For over 500 years, Arctic explorers have sought a passage between the North Atlantic and Pacific Oceans. Such a passage, often called the Northwest Passage, would connect Europe to Asia via shorter routes than the long voyage south around Africa. In 1497, English King Henry VII sent Italian explorer John Cabot to look for this hypothetical route and expeditions from some of the most famous explorers in the centuries that followed—Sir Francis Drake and Captain James Cook among them—met with failure. The combined efforts of a number of explorers eventually uncovered a winding path from the Atlantic to the Arctic and Pacific Oceans through the ice-bound islands of northern Canada. Even in modern times, navigating from the Atlantic to the Pacific through Canada’s Arctic islands has been difficult. The summer of 2007, however, melted enough sea ice in Canada’s far north to open up this long-sought passage.

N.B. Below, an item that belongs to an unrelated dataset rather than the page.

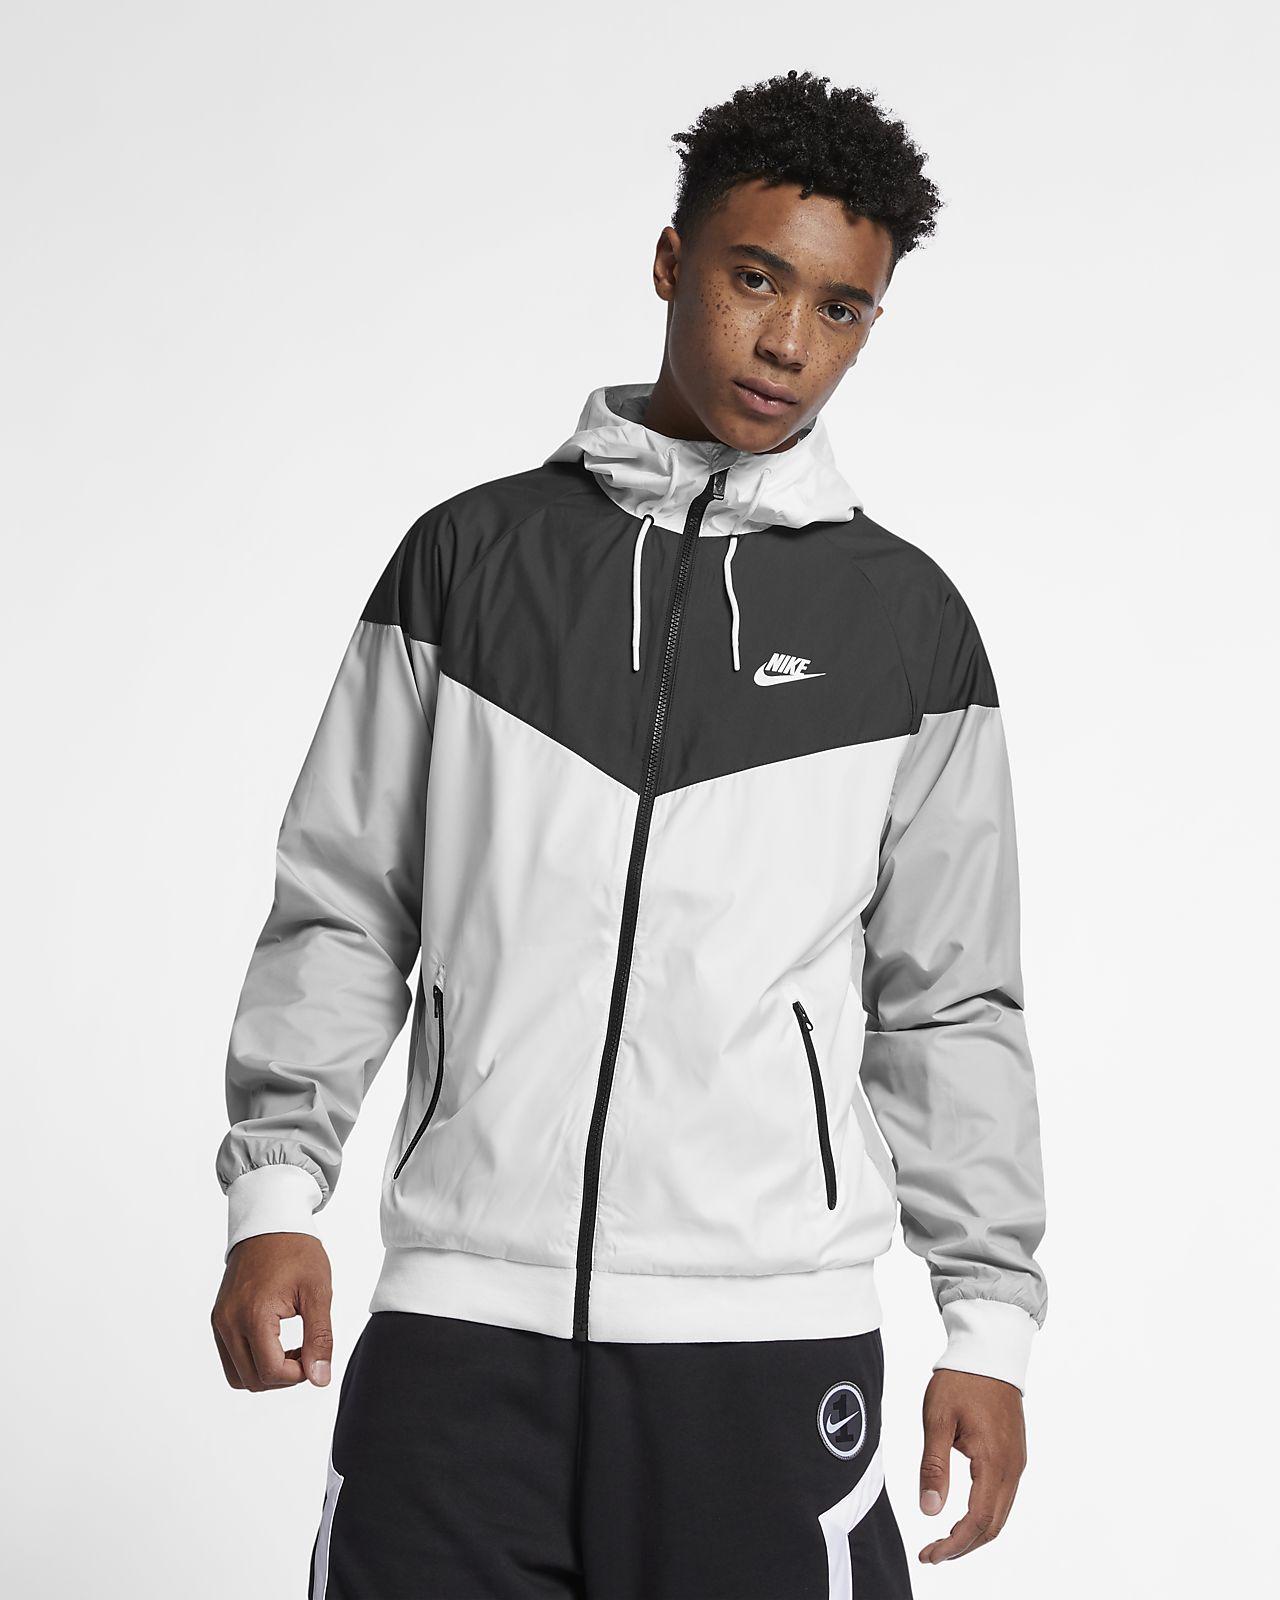 bd6acaaf3a49 Nike Sportswear Windrunner Herrenjacke. Nike.com CH

This image shows the islands north of mainland Canada adjacent to Greenland, as observed by the the Moderate Resolution Imaging Spectroradiometer (MODIS) flying on NASA’s Aqua satellite on August 29, 2007. While the usual veil of clouds over the Arctic is visible through the scene, the sea ice pack that normally covers the water between the islands is absent. Areas often choked with ice at this time of year, but free of it in this MODIS scene, include the Parry and McClintock Channels and the McClure Strait. Larsen Sound and Victoria Strait are hidden beneath cloud cover, but they are also largely free of sea ice. This provided a nearly ice-free connection between Baffin Bay (a long body of water between Canada’s Baffin Island and Greenland that is regularly ice-free in summer) and the Arctic Ocean. An ice-free gap between the North American mainland and the Arctic sea, not shown here, extends all the way to the Bering Strait between Alaska and Russia, creating a connection almost free of all sea ice from the North Atlantic to the North Pacific.
Multi-year ice (ice that survives more than one melt season) tends to be thicker and more resistant to melt than first-year ice (formed over just one winter). According to John Falkingham of the Canadian Ice Service, most of the multi-year ice melted from Victoria Strait and McClintock Channel in the summer of 2006, leaving these traditionally difficult areas more open. In mid-August 2007, only patchy areas of ice filled Victoria Strait and Larsen Sound. Falkingham described the Northwest Passage as “nearly open.” Changes in the Northwest Passage were part of a larger pattern of melt in 2007 that also affected the East Siberian Sea.
Although nearly open, the Northwest Passage was not necessarily easy to navigate in August 2007. Located 800 kilometers (500 miles) north of the Arctic Circle and less than 1,930 kilometers (1,200 miles) from the North Pole, this sea route poses significant challenges, and the severe depletion of sea ice means only one of these is reduced. Nevertheless, long-term opening of the passage would have global impacts on trade and natural resource use.
NASA image created by Jesse Allen, using data obtained from the Goddard Land Processes data archives (LAADS).
Thanks to Walt Meier, NSIDC; U.S. National Ice Center; and John Falkingham, Environment Canada - Canadian Ice Service for image interpretation.
This image shows sea ice around the Northwest Passage as observed by the Advanced Microwave Scanning Radiometer for EOS (AMSR-E) aboard NASA’s Aqua satellite on August 22, 2007. McClure Strait, Parry Channel, Victoria Strait, and McClintock Channel (north of Victoria Strait), all appear nearly ice-free. North of McClure Strait, an area of sea ice remains, but it is fragmented.
From the time Europeans discovered the North American continent to the mid-twentieth century, sailors searched for a northwest passage that would connect the Atlantic Ocean (and Europe) to the Pacific Ocean (and Asia). No such passage exists through the continent, but during the summer, a northwest route through the Arctic opens up.